== Your task ==
Among the records below, find the line with "Купить Женский аромат" and the line with "Bejeque arboreo (Aeonium". Set down both and every line between, exactly and with no pictures, but nothing else.

== Dataset excerpts ==
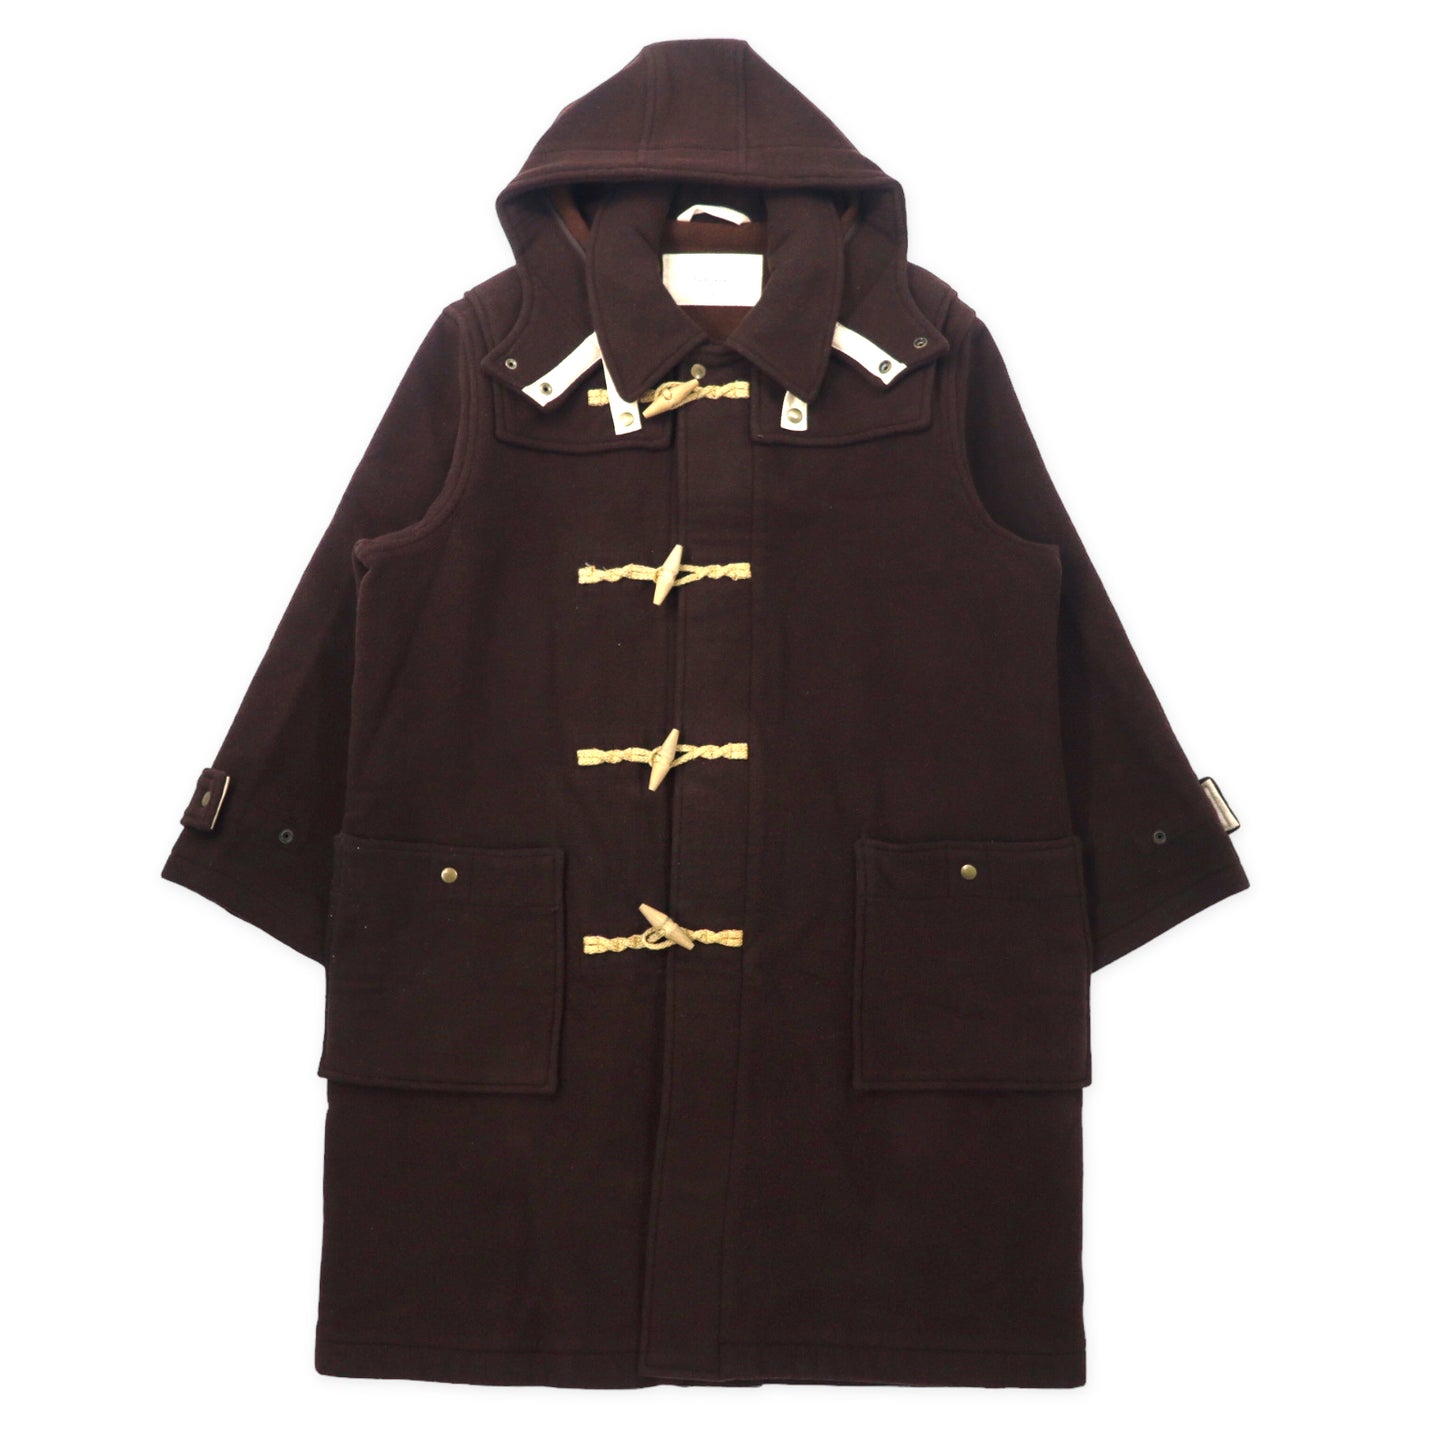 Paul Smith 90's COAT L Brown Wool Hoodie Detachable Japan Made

* * *

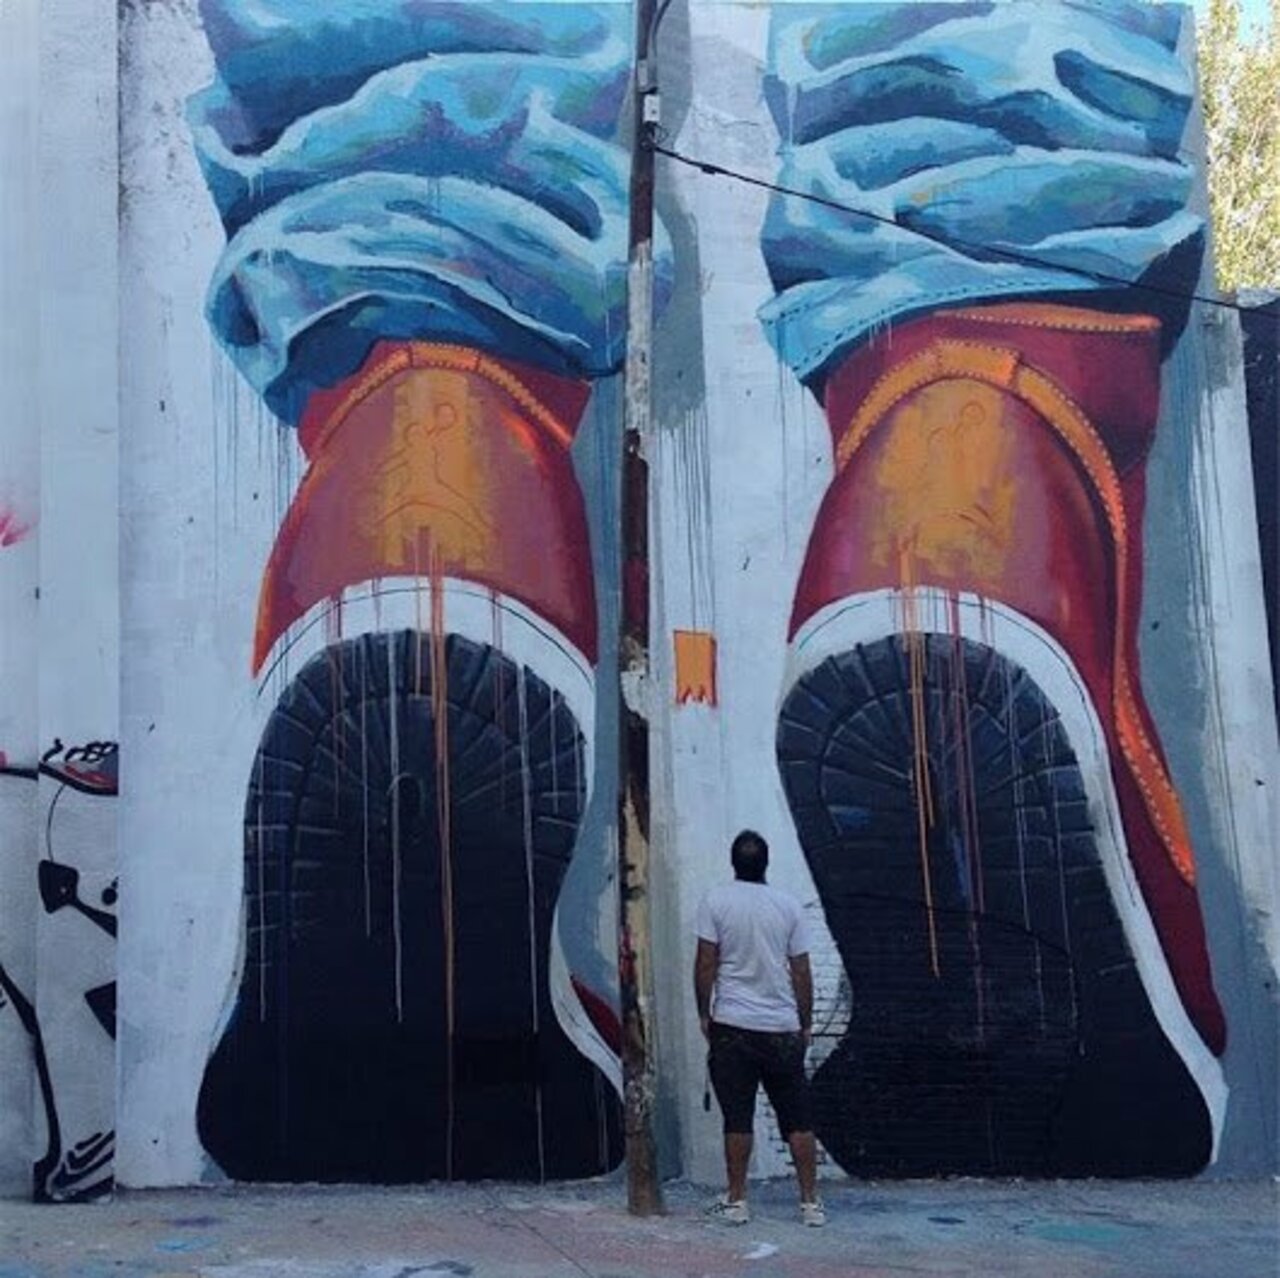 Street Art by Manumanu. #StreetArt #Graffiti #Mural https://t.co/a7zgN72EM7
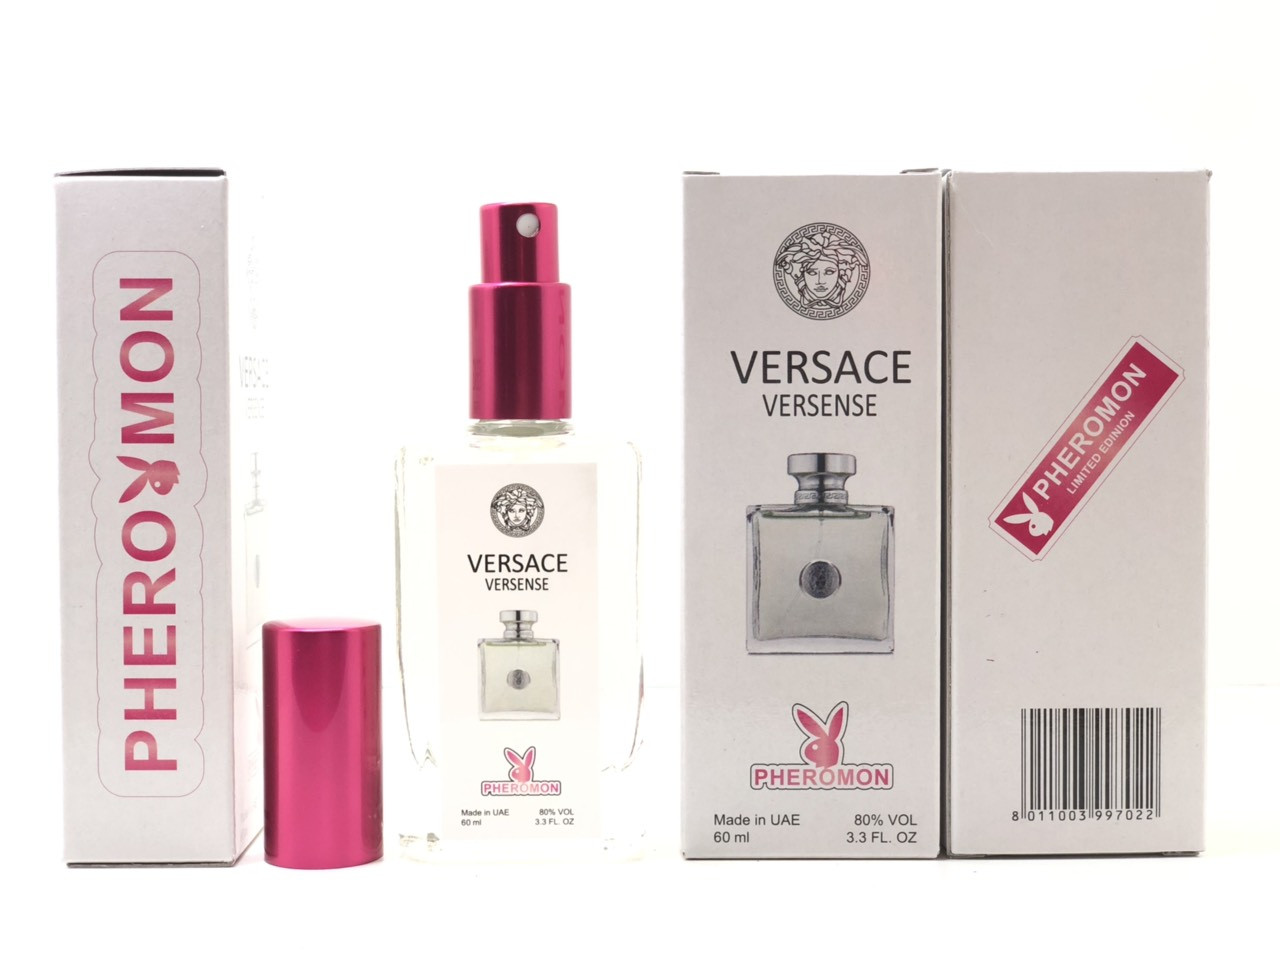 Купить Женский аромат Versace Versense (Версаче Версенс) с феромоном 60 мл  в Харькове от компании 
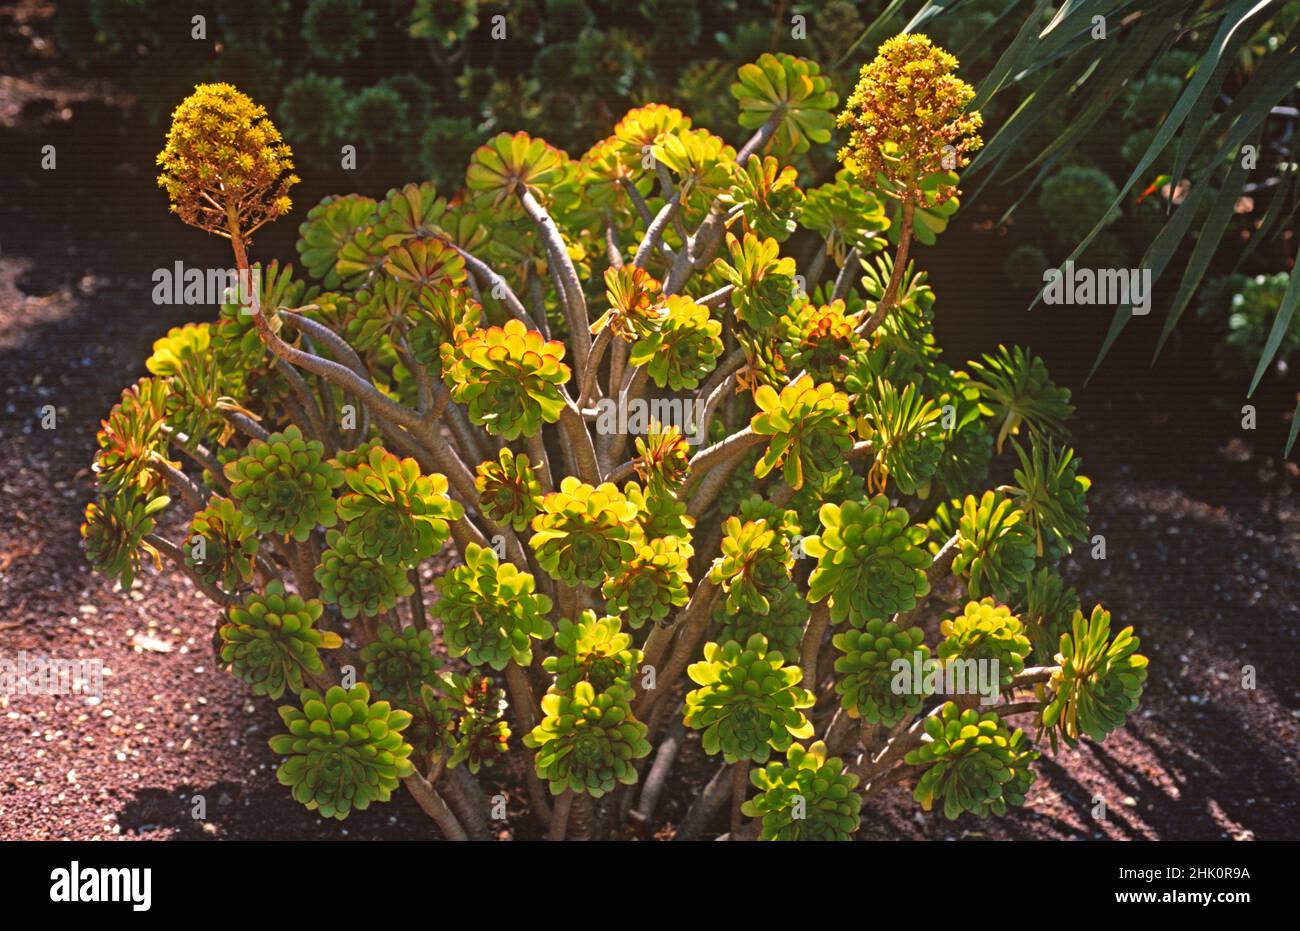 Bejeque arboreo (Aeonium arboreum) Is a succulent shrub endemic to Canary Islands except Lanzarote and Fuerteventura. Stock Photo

* * *

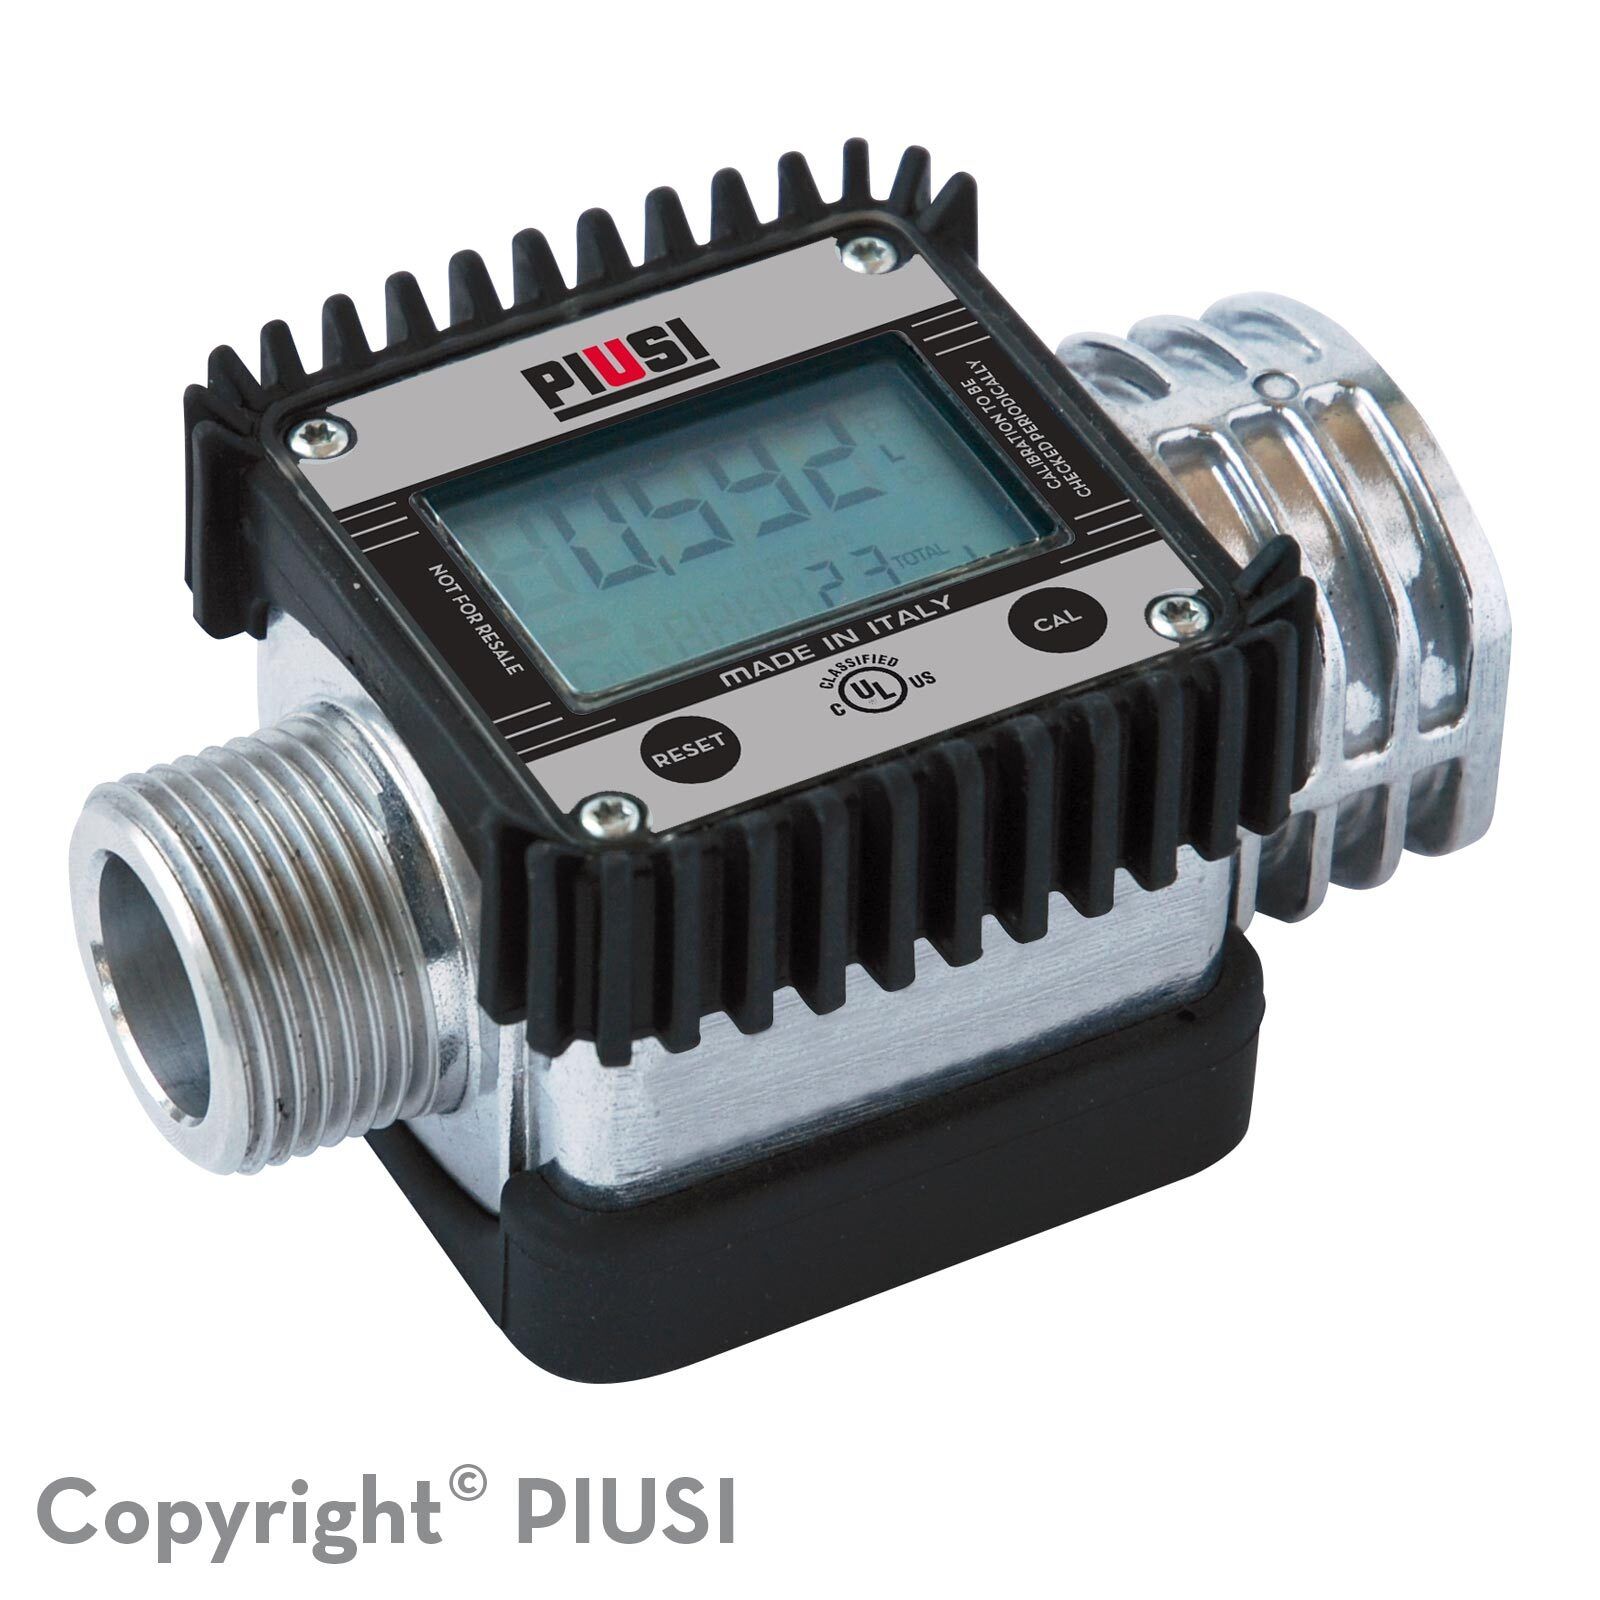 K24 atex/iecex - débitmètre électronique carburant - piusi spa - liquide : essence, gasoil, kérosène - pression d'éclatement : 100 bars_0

== Written solution ==
 Купить Женский аромат Versace Versense (Версаче Версенс) с феромоном 60 мл  в Харькове от компании 
 Bejeque arboreo (Aeonium arboreum) Is a succulent shrub endemic to Canary Islands except Lanzarote and Fuerteventura. Stock Photo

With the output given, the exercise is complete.